__STUDY MATERIAL__
========================
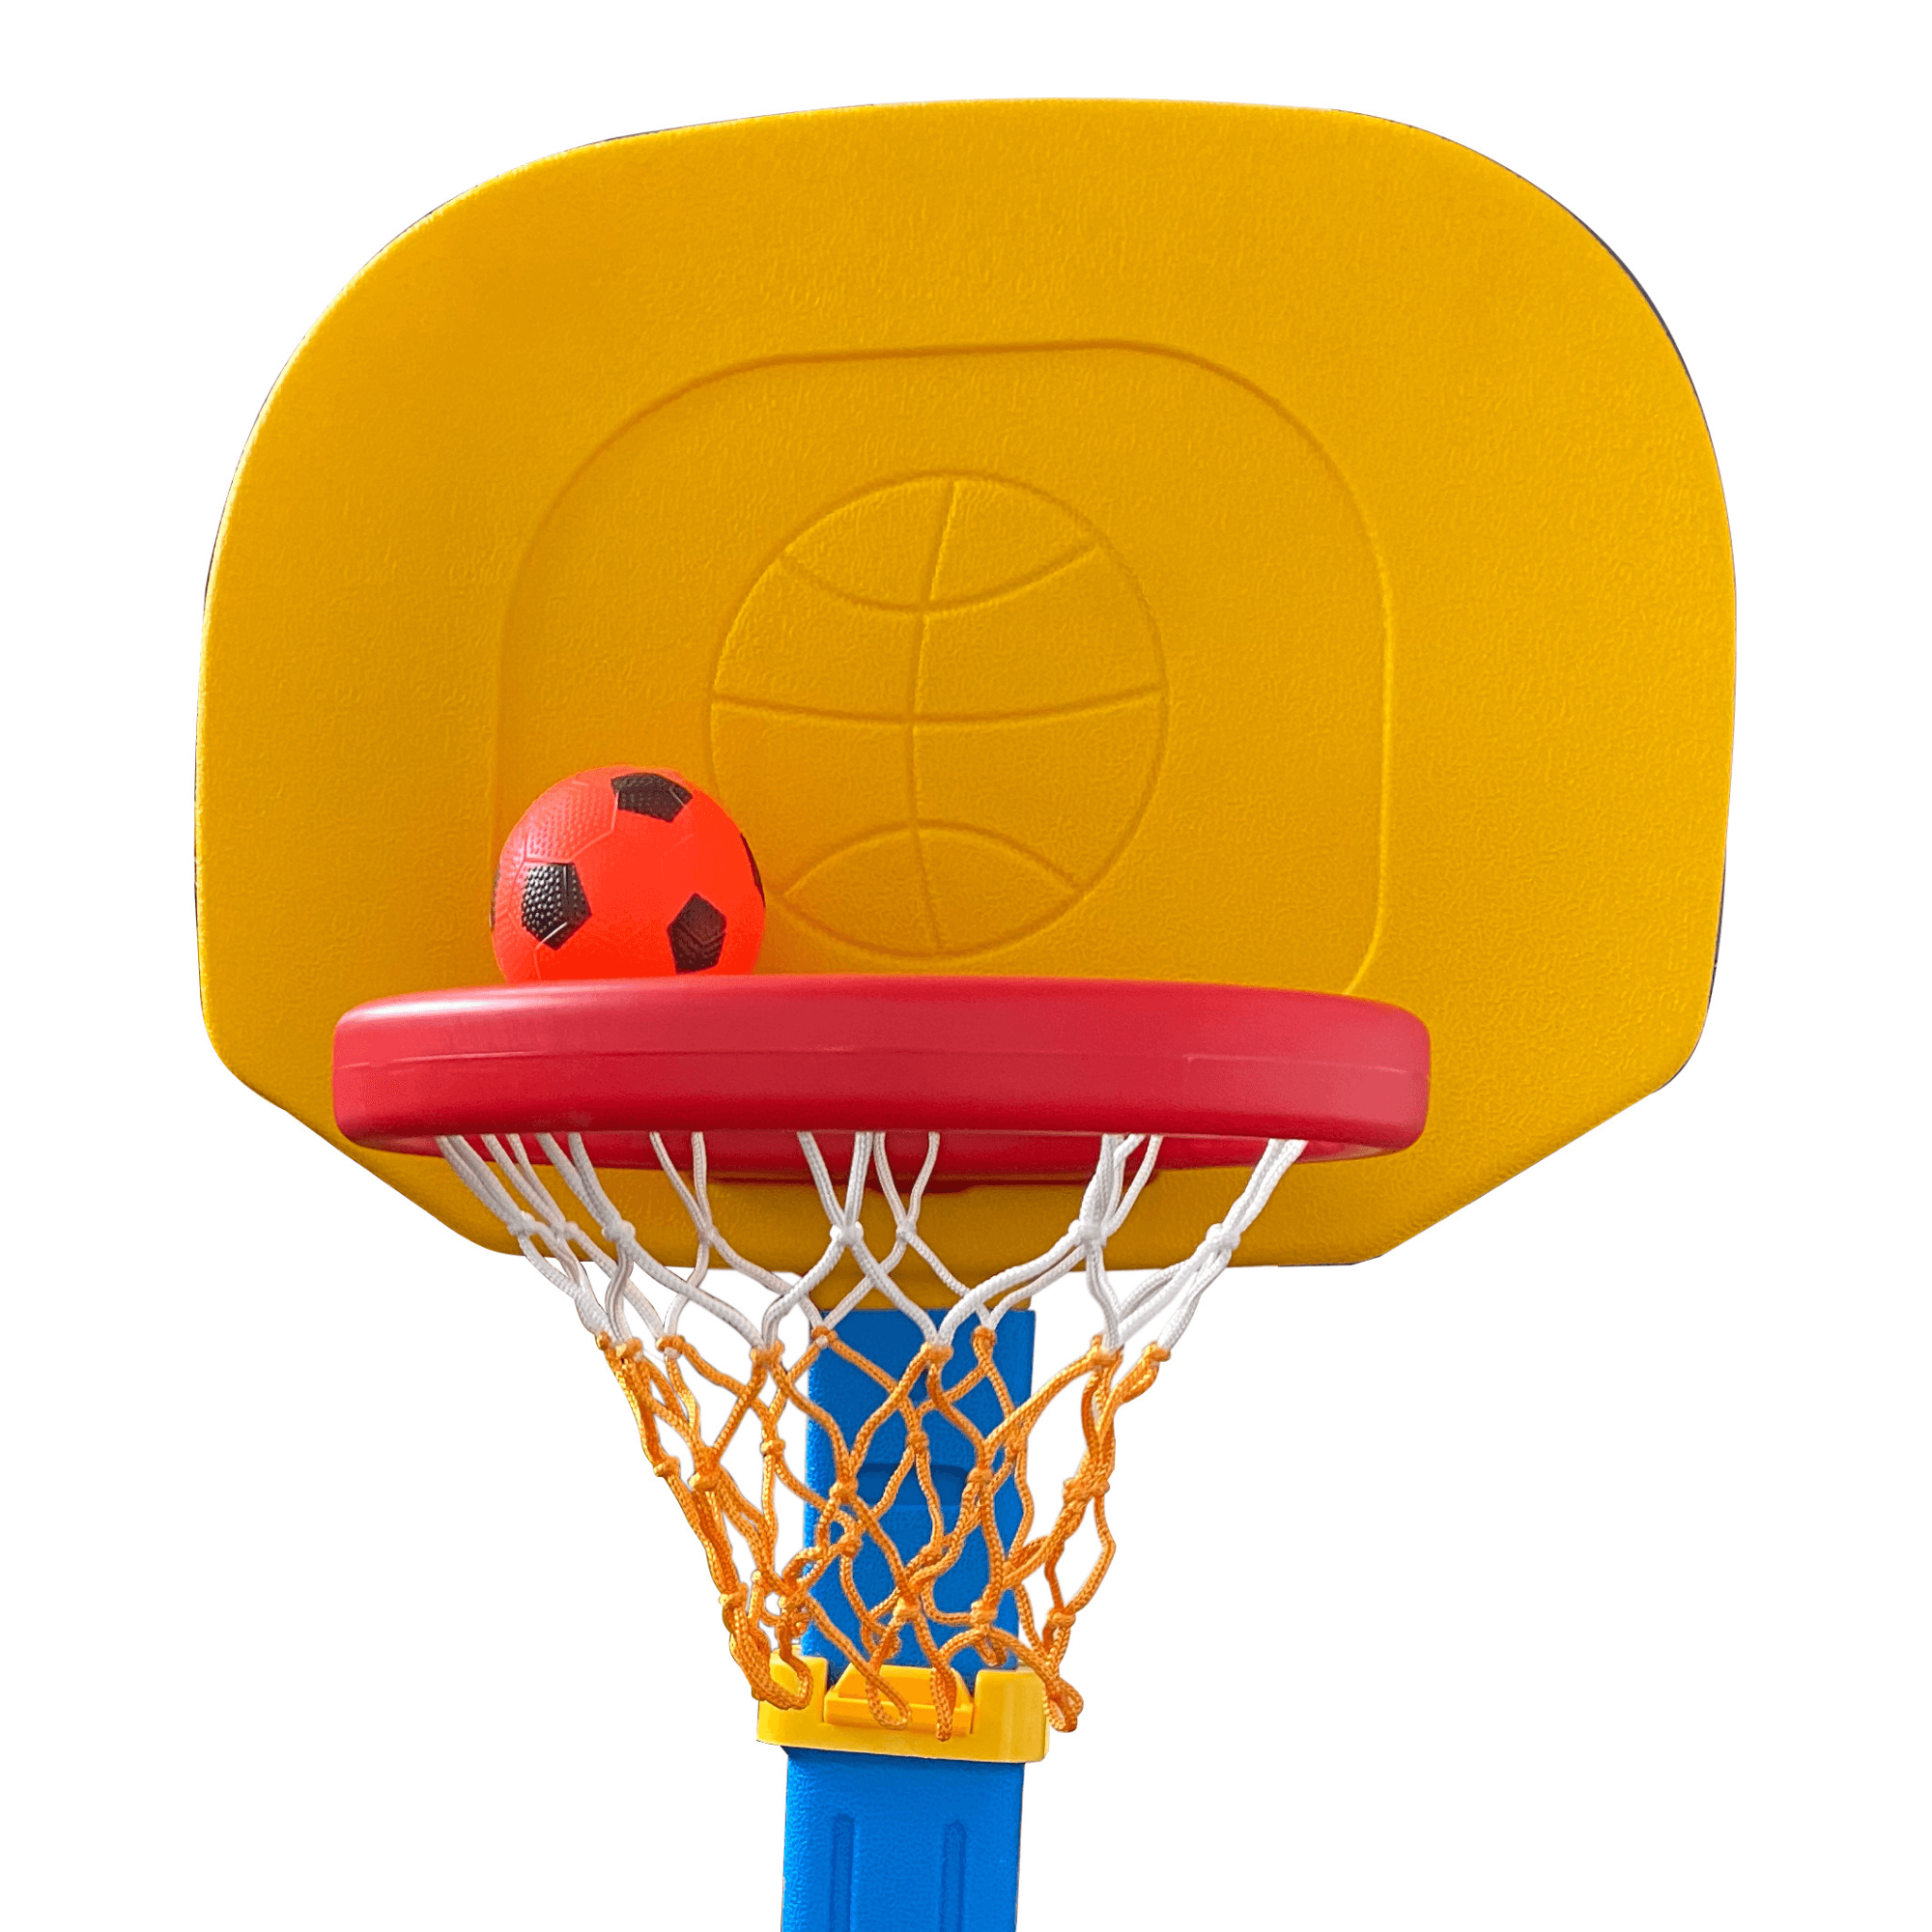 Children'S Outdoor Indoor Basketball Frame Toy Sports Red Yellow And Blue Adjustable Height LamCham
========================
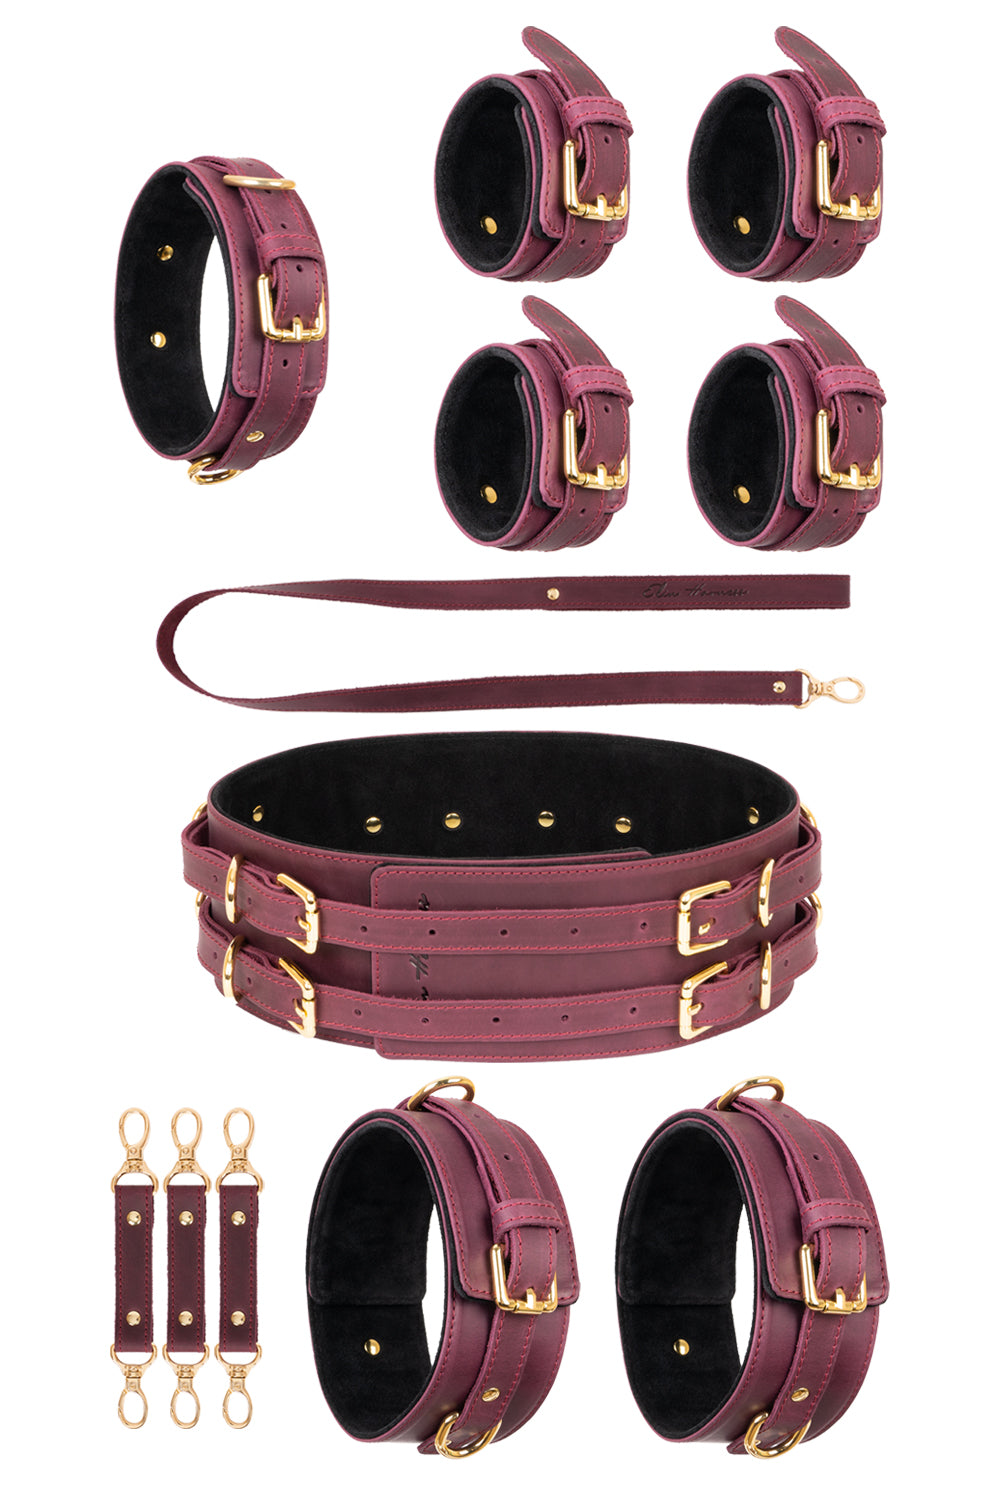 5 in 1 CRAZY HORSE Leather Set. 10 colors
========================
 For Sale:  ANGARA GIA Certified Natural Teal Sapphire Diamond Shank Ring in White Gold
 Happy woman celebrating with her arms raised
========================
__TASK ITEM__
Within the data above, the span starting at the line containing "in White Gold" and ending at the line containing "Happy woman celebrating with her arms raised" is to be retyped exactly, with no other lines.

__TASK RESPONSE__
 For Sale:  ANGARA GIA Certified Natural Teal Sapphire Diamond Shank Ring in White Gold
 Happy woman celebrating with her arms raised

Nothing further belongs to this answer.